陸西年一愣,她這樣的坦白爽快,他倒不知道該如何再問下去,一定和顧念深有關,可這是隱私,她未必樂意他問。

怔鬆間,聽她問,“意外?”

“是啊,以為你對付那種小場麵不成問題。”他笑著道。

聞言,秦桑綠笑了,但笑意未曾到眼底,這稱讚,有點兒不太合時宜,連陸西年都覺得意外反常,她自己又何必再自欺欺人。

放下筆,雙手撐著下巴,沉默半晌,慢吞吞開口,“有顧念深的地方,怎麼會是小場麵?”至少對她來說,就絕對不是。

陸西年有些詫異,難得聽她談及自己和他,因此,顯得格外難得,他一動不動,全神貫注地聽著,可她的話,卻也到這兒就停了下來。

有人敲門,秦桑綠收斂了心思,應了聲,“進來。”

推門而入的人是夏夏,她的好朋友,前一段時間,因為被之前公司的經理非禮,一氣之下辭了職,接著說想要來東曜工作,認識這麼長時間,她也從未開口向她要求過什麼,況且,以她的學曆和能力,來東曜本身也不算是多麼高攀,於是,稍作考慮,便答應了下來,將她安排在市場營銷部。

此時,她拿著文件過來,見陸西年在,都是熟人,便打了個招呼,兩個人寒暄幾句,陸西年便起身告辭。

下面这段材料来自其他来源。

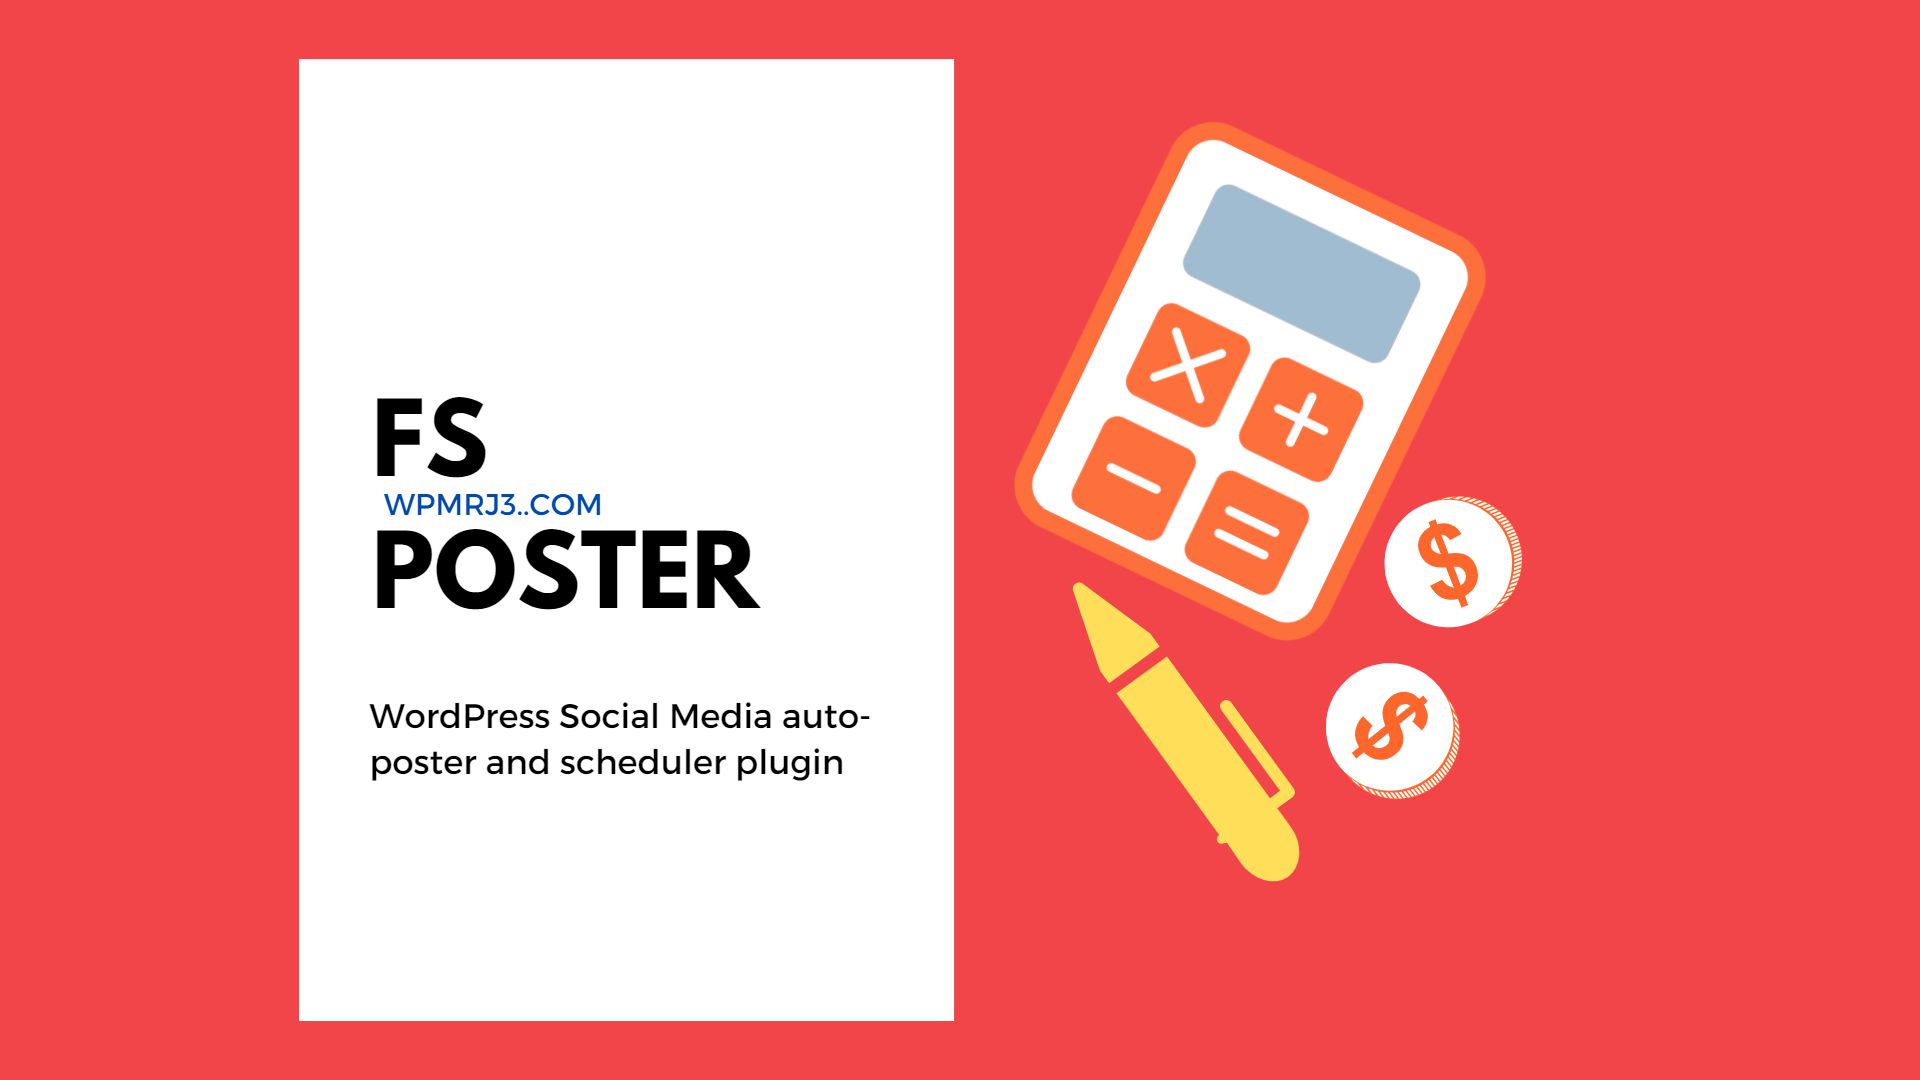 Fs Poster Plugin: WordPress Social Media auto-poster and scheduler plugin
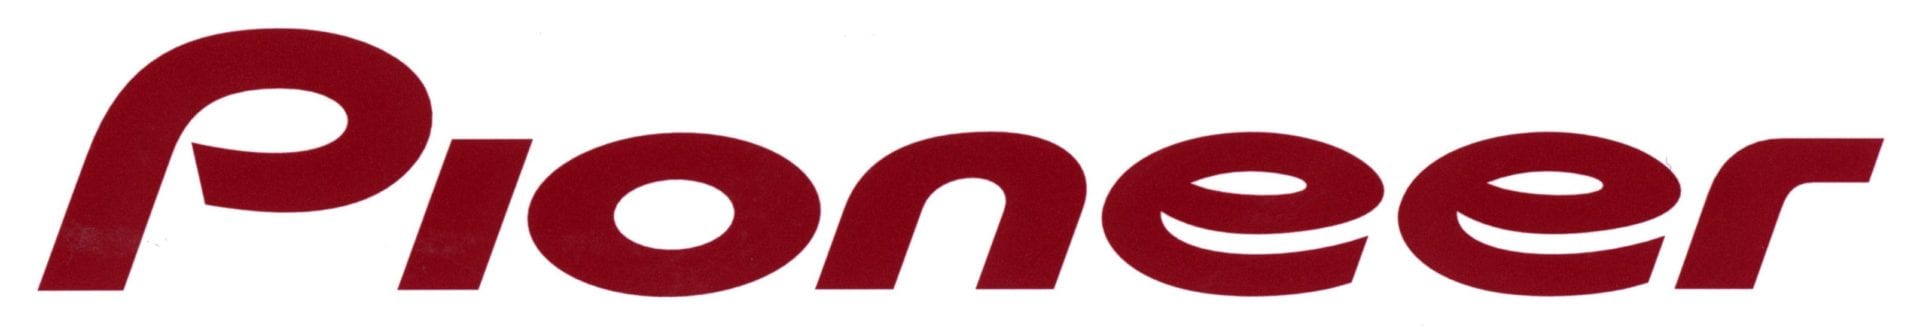 Image result for pioneer logo

她走後,夏夏開玩笑道,“追的真勤呀,秦大小姐,芳心可動呢?”

“不得了啊,現在連你老板也敢調侃了,嗯?”她接過文件夾,斜睨了她一眼。

夏夏笑了起來,她把文件簽好遞給她,離開前,又道,“真的不喜歡他?”

陸西年他是很好的朋友,他從不咄咄逼人,總是進退合宜,他眉眼含情,自有一種光風霽月的氣質,因為是陸啟中在外的私生子,從小生活不易,後來,也完全是靠自己的作為,贏得了陸家老爺的認可,因此,他的鋒芒都藏於內,在外是個翩翩如玉的男子,和他相處時,如沐浴春風般的舒服。

但喜歡嘛?她似乎從來都沒有想過。

可喜歡一個人,需要想嗎?

下午回家,微姨來開的門,剛在玄關換了鞋子,就聽見父親爽朗的笑聲,她笑笑,很開心爸爸能有這麼好的心情,微姨接過她手裏的包,她就迫不及待地去了爸爸那裏。

沙發上坐著的除了爸爸,還有另一個男人,她的笑容立刻僵在臉上,顧念深嘴角噙著笑看她。

“阿桑回來啦,念深他過來看我和你媽媽,過來坐。”秦時天招呼女兒,對於他們兩當年相戀的事情,兩家人知道也樂意促成,但後來,至於為什麼突然分道揚鑣卻無人知曉,女兒不說,他們怕她傷心,也就沒有主動提及過。

秦桑綠在短短的幾十秒鍾,已經收斂好了情緒,笑著坐到爸爸身邊,顧念深眸光一瞥,笑著道,“阿桑是越來越能幹了。”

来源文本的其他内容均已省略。